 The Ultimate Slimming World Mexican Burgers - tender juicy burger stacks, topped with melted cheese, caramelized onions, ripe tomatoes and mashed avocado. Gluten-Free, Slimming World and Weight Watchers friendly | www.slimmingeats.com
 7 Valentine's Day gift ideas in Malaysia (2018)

...

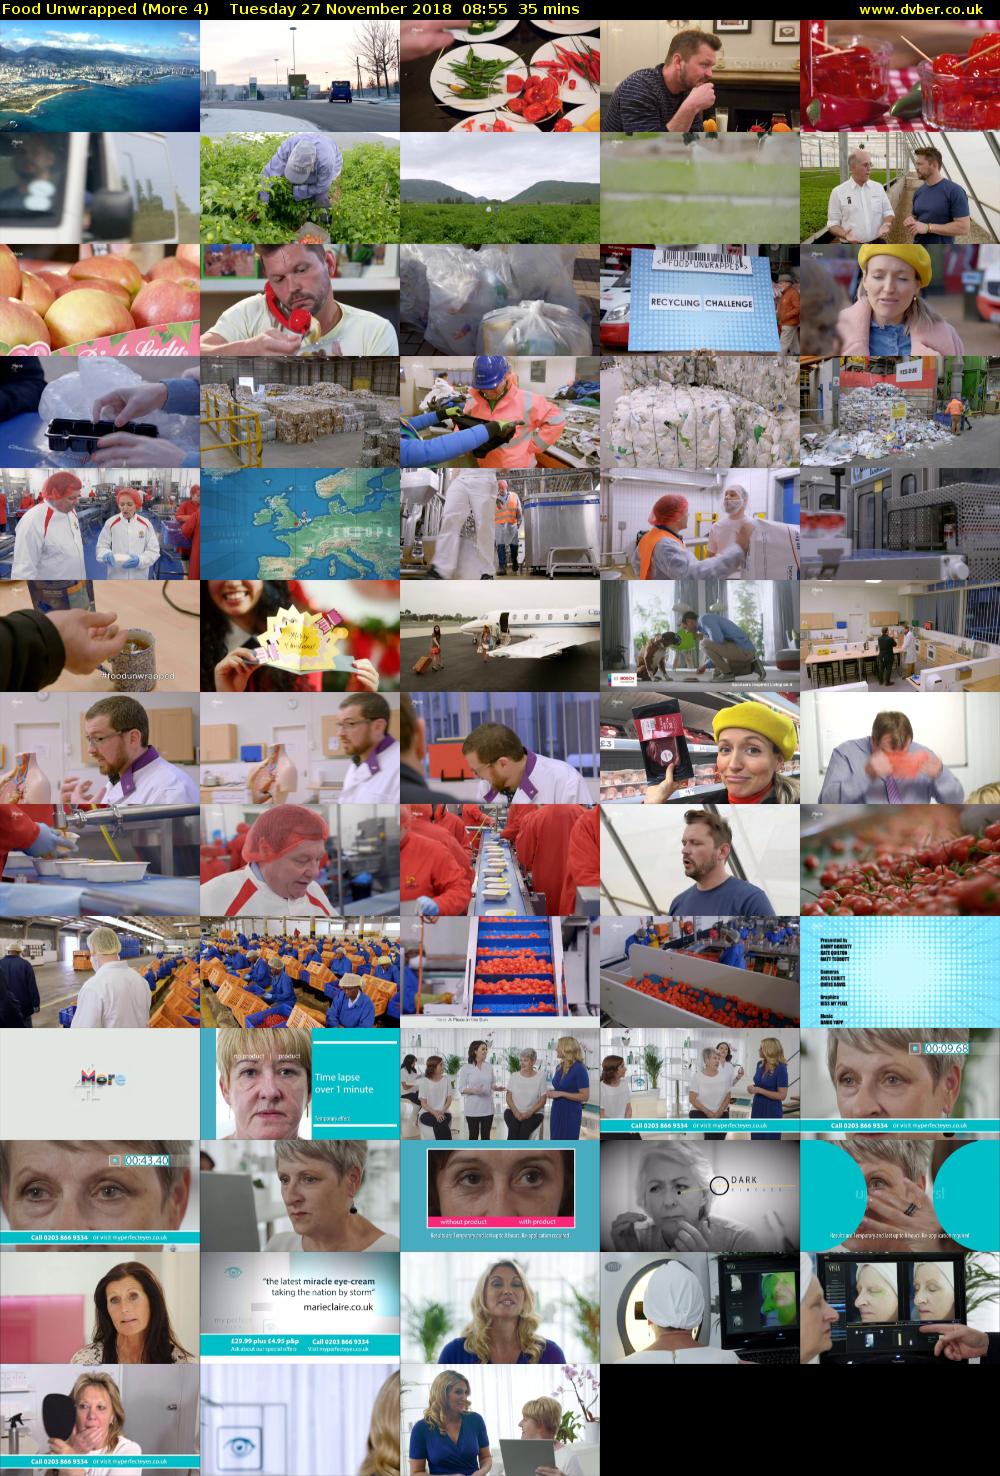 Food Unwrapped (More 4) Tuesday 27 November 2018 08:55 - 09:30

--

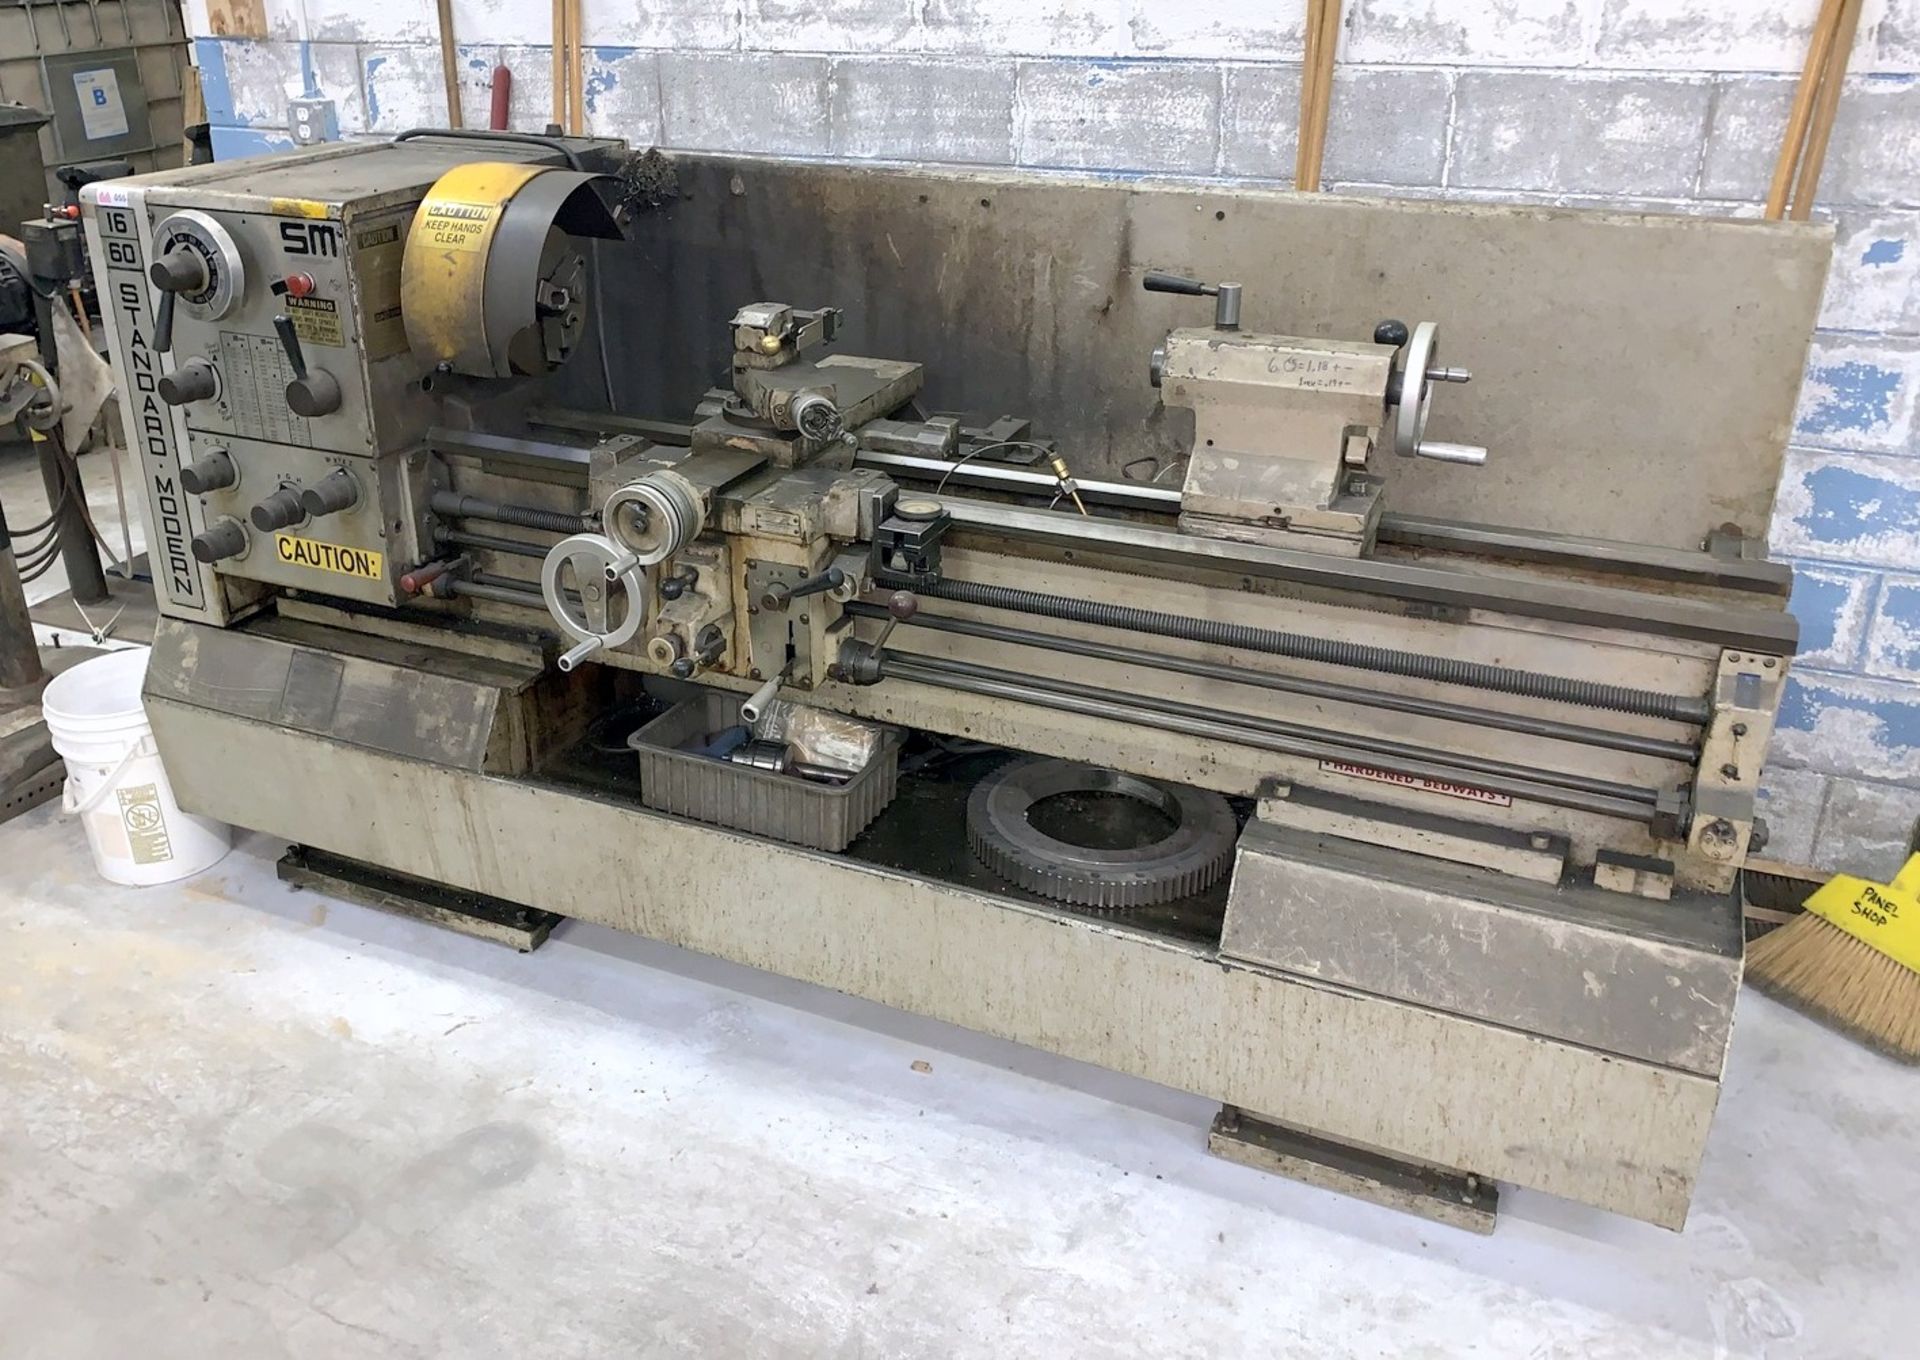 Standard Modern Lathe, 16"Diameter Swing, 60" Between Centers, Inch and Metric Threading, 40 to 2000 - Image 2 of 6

Problem to work on
Given the records above, reproduce precisely and only the lines between the line holding "The Ultimate Slimming" and the line holding "7 Valentine's Day", inclusive.

Exercise answer
 The Ultimate Slimming World Mexican Burgers - tender juicy burger stacks, topped with melted cheese, caramelized onions, ripe tomatoes and mashed avocado. Gluten-Free, Slimming World and Weight Watchers friendly | www.slimmingeats.com
 7 Valentine's Day gift ideas in Malaysia (2018)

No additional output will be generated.